» **YOUR OBJECTIVE**
Copy the listing below exactly, but skip the pictures.

» **DATA BLOCK**

==============================

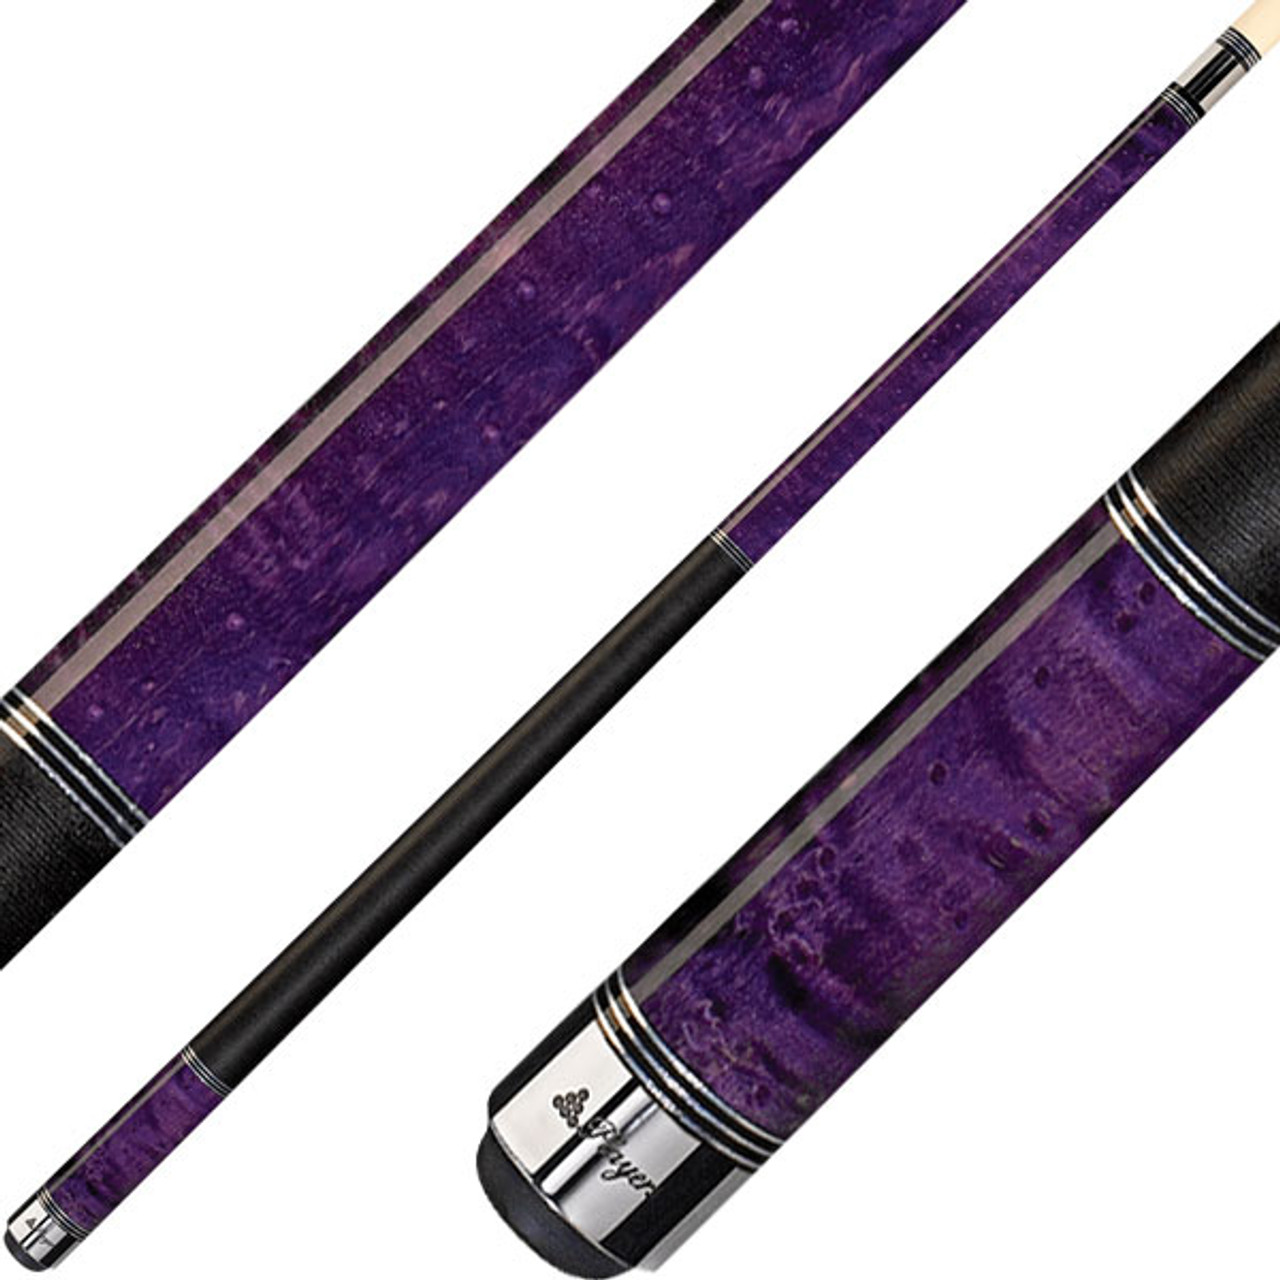 C965 FREE CASE & JOINT CAPS Plum Stain NEW Players C-965 Pool Cue 
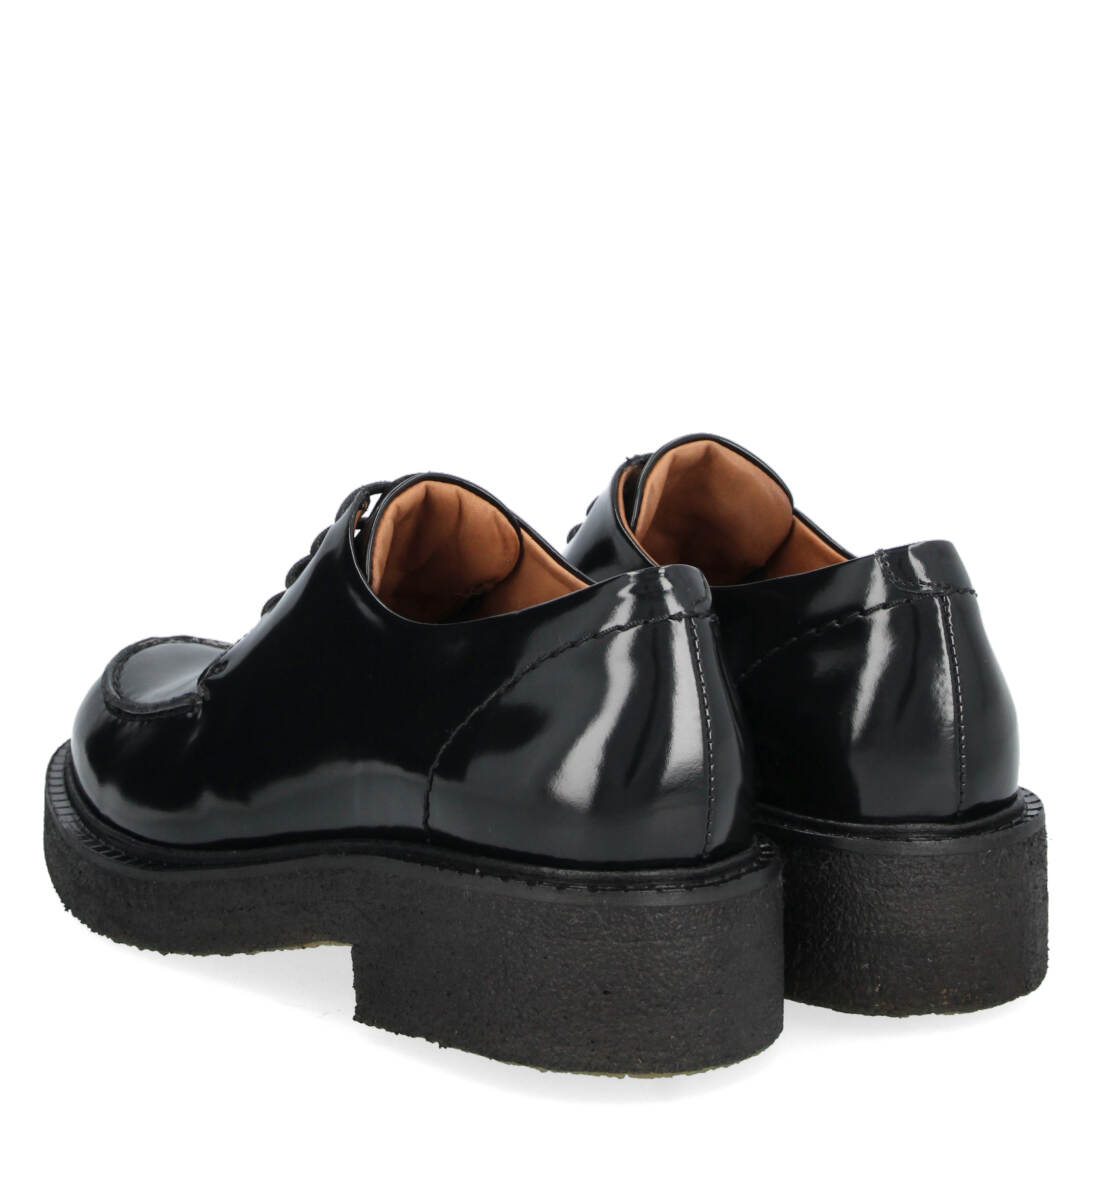 A3012 Loafers, Black Polido, 36
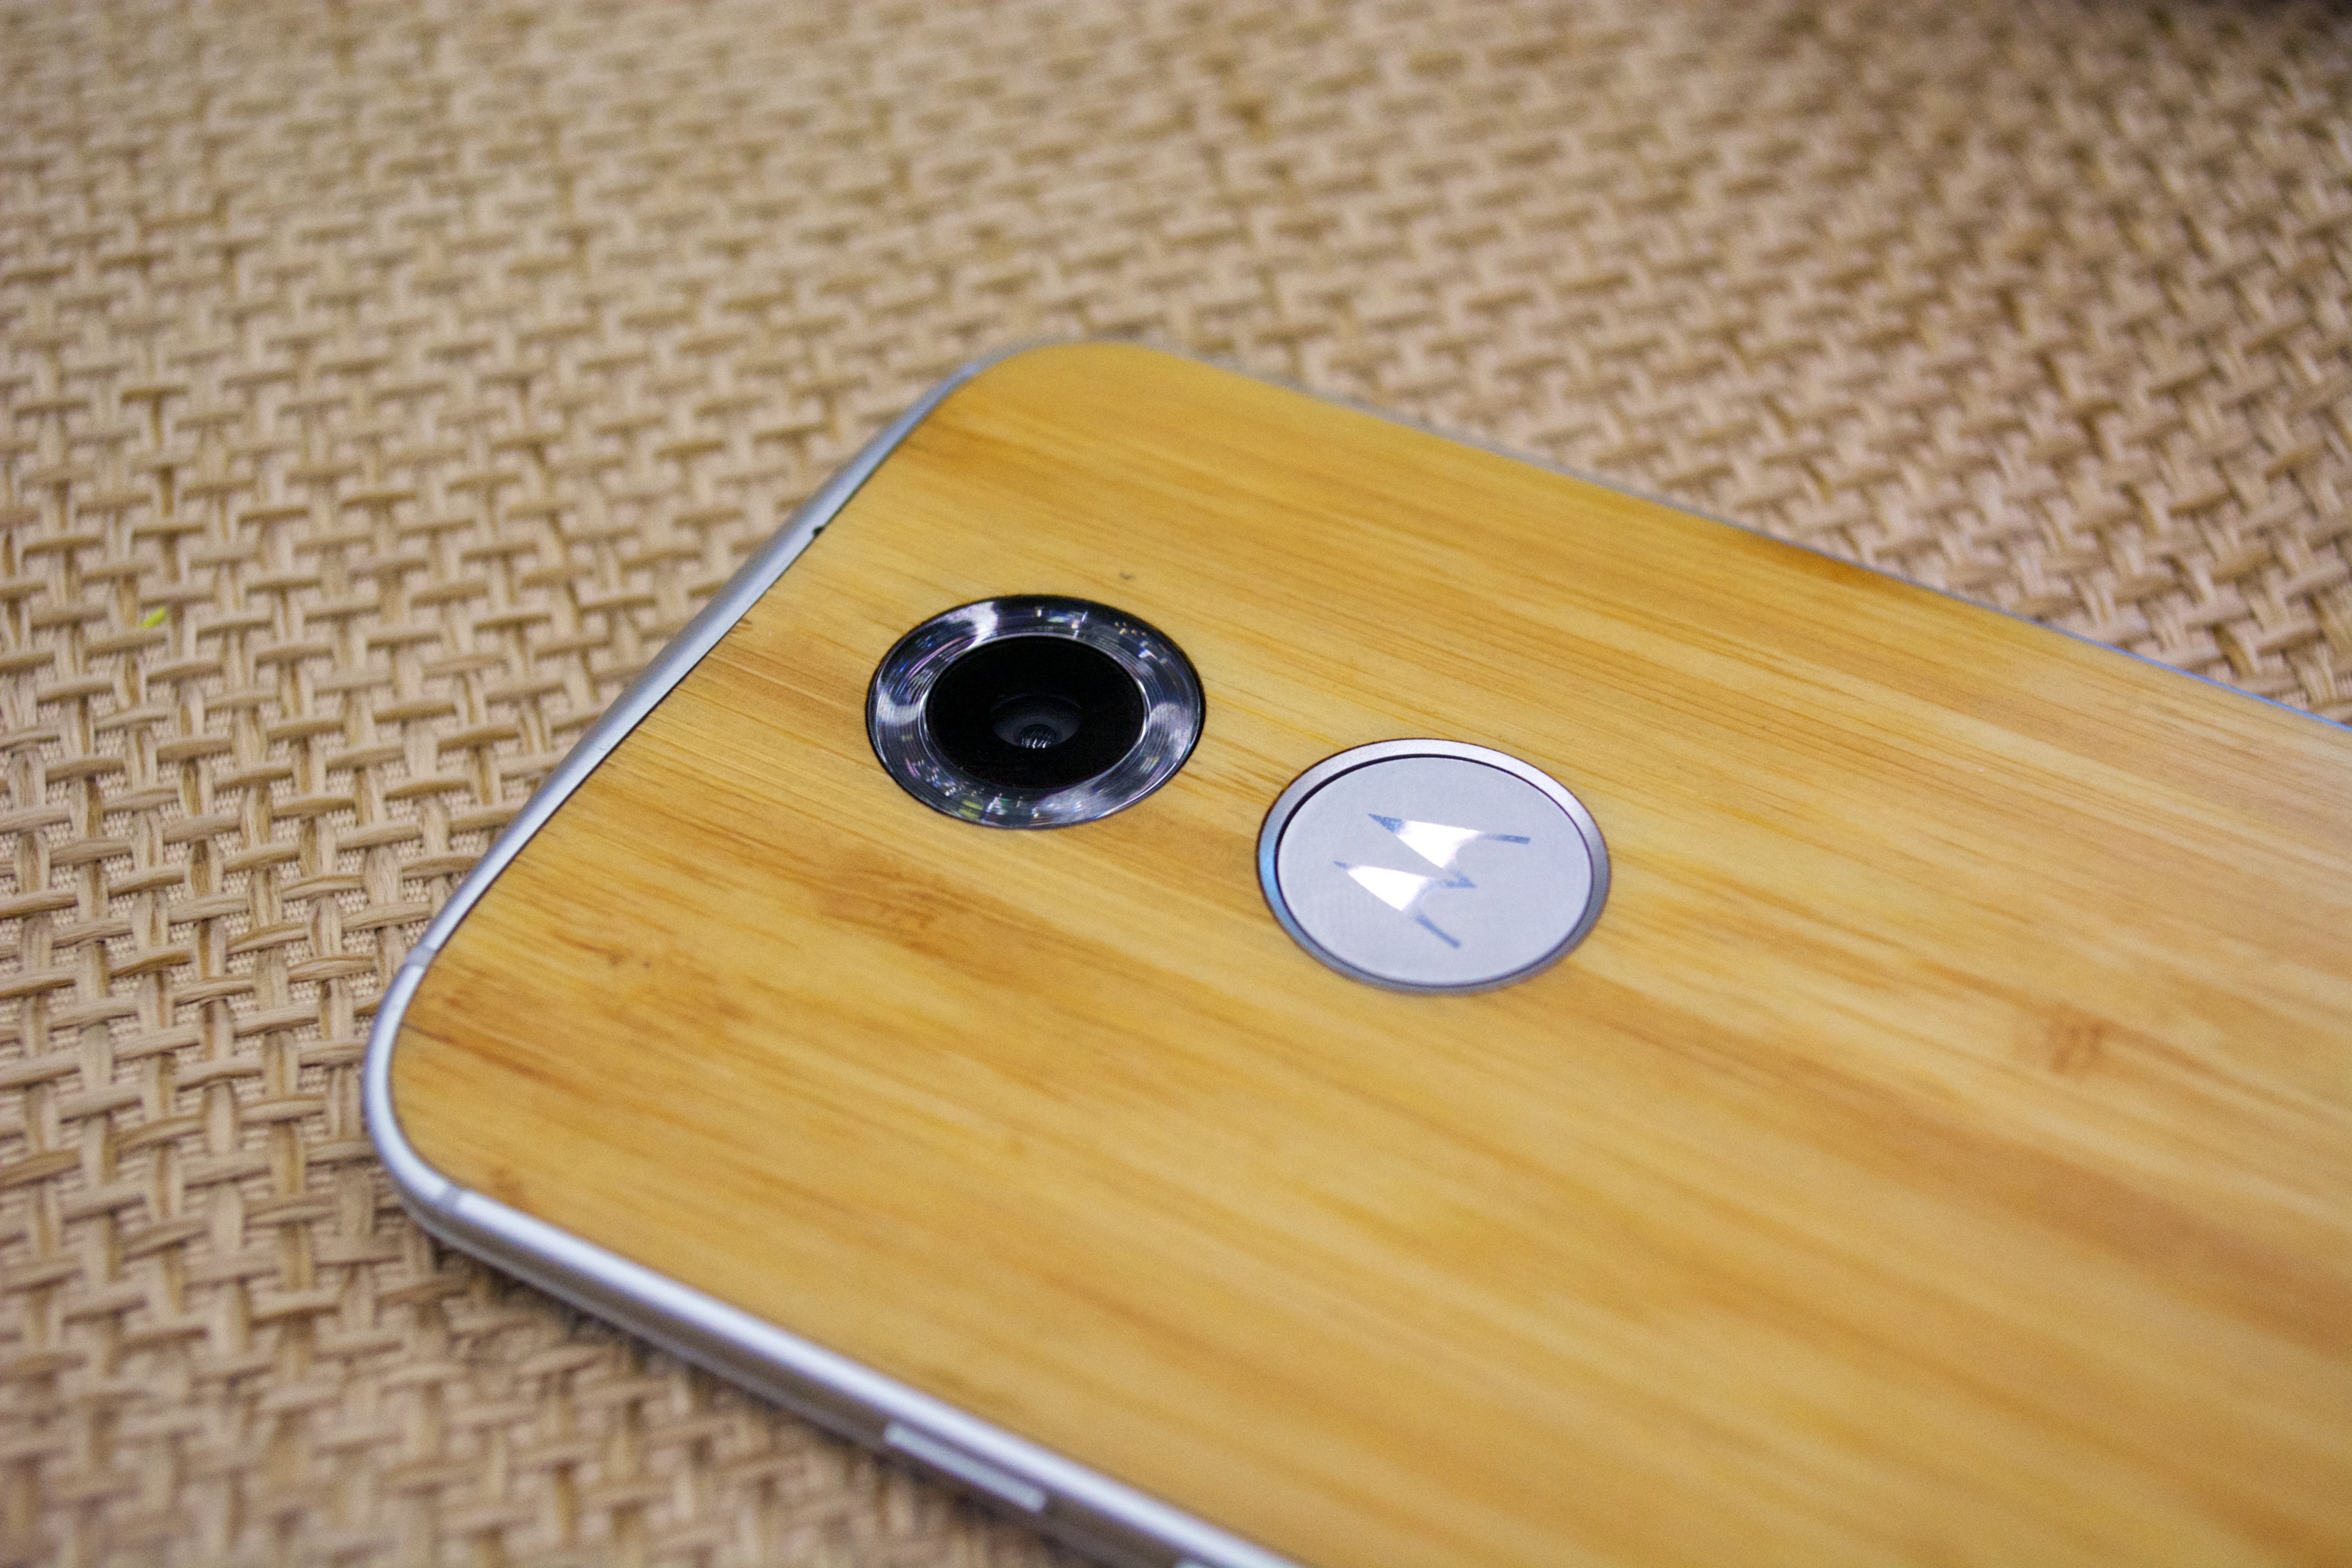 The new Moto X features a dual LED ring flash.
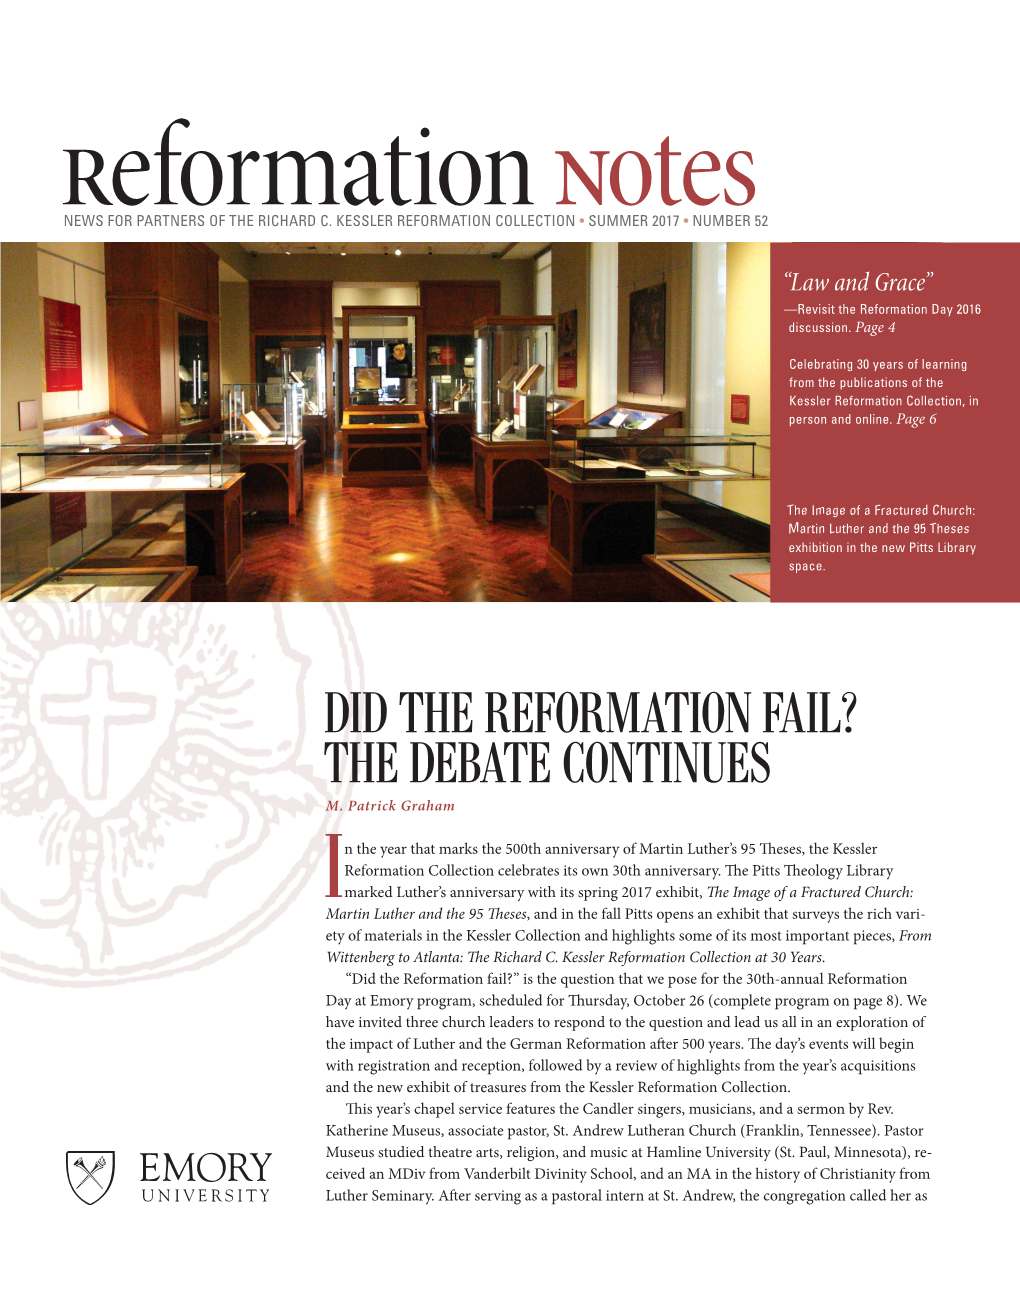 Reformation Notes Summer 2017 • 3 6 2016 Reformation Day at Emory Th 1 the 29Th Reformation Day at Emory Program Took As Its Theme, “Law and Anthony Briggman 5 8

==============================

» **ANSWER SPACE**
 C965 FREE CASE & JOINT CAPS Plum Stain NEW Players C-965 Pool Cue 
 A3012 Loafers, Black Polido, 36
 The new Moto X features a dual LED ring flash.
 Reformation Notes Summer 2017 • 3 6 2016 Reformation Day at Emory Th 1 the 29Th Reformation Day at Emory Program Took As Its Theme, “Law and Anthony Briggman 5 8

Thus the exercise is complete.